At 12:59 AM, Anonymous Anonymous said...

-continued from above- guys are the bulwark against the Reformation, the very same one the pope tries to argue against. And they see all the progress in law and practice that Islam made endangered by dragging whimsical theology about 'the nature of god' into the arena, when they were reasonably expecting the pope to be on their side.

Summing up, either Qom and Al-Azhar are right, and the pope "doesn't know anything about Islam" (at least not enough), or, more worryingly, the pope is expecting them to lose out to Wahabbism et al anyway, and just doesn't consider them a useful ally any longer. I would prefer the pope to be stupid, but I rather think he's right in this diagnosis, and we are right in the middle of the biggest Islamic reformation for two hundred years, and there's nothing that can be done about it but brace yourself.

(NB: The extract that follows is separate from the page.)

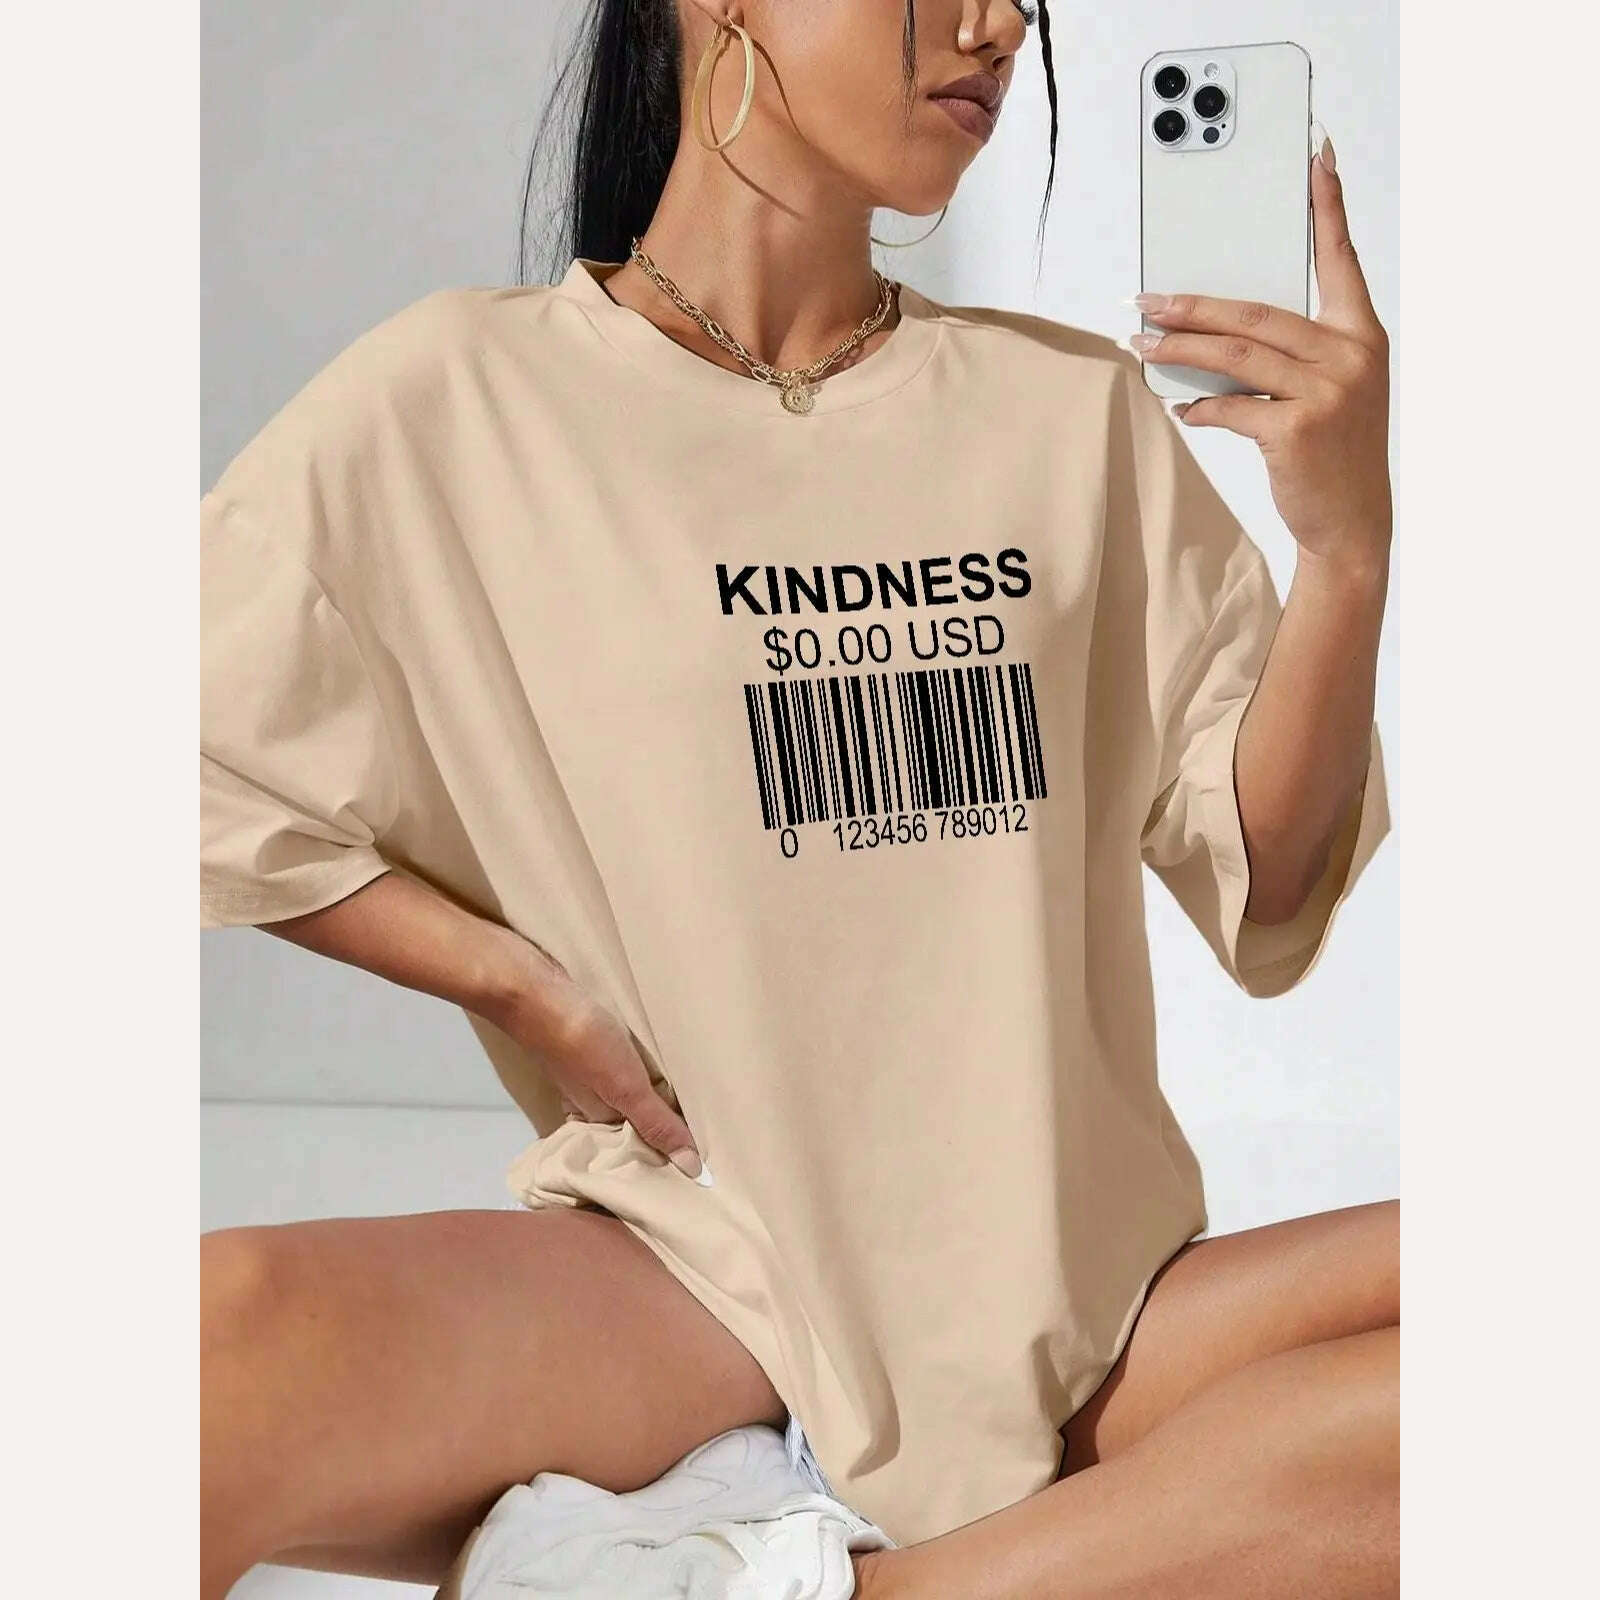 KIMLUD, Kindness Creative Bar Code Creativity Womens Short Sleeve Funny Casual Oversize Tops All-math Trend T-Shirts Woman Tee Clothing, Khaki / XL, KIMLUD Womens Clothes

I sort of agree with the Harris piece you linked to, but would put the emphasis a little differently: Rather that offering the camp of secularism-reanonism-westernism a warm welcome-back place under the umbrella of the catholic church, I think the Vatican is rather asking for a more protected place for the catholic church (and all these Christans in Muslim lands) under the wing of the secular West and their militaries. I think he expects things to turn real ugly for Christians there real quick.

At 4:17 AM, Blogger Horace Jeffery Hodges said...

Erdal, like you, I've been skeptical about the positive benefits of a Protestant-style 'Reformation' in Islam. I think that Islam needs something more like a Pope whom one could deal with ... but that's not going to happen.

I expect that, instead, we're in for a long, dark night of conflict with a 'radical Protestant' type of Islam. The religious wars of the West, all but forgotten, lasted a couple of hundred years and killed a lot of people ... perhaps not as many people as the secular ideologies since the French Revolution, but a lot anyway.

About "re-opening of the gates of idjtihad," you're correct that I hadn't thought much about the negative possibilities. I don't know much about why they were closed in the first place.

As for your analysis of the Pope's unspoken aims, I'll have to think about them, for this is not a direction that I've considered.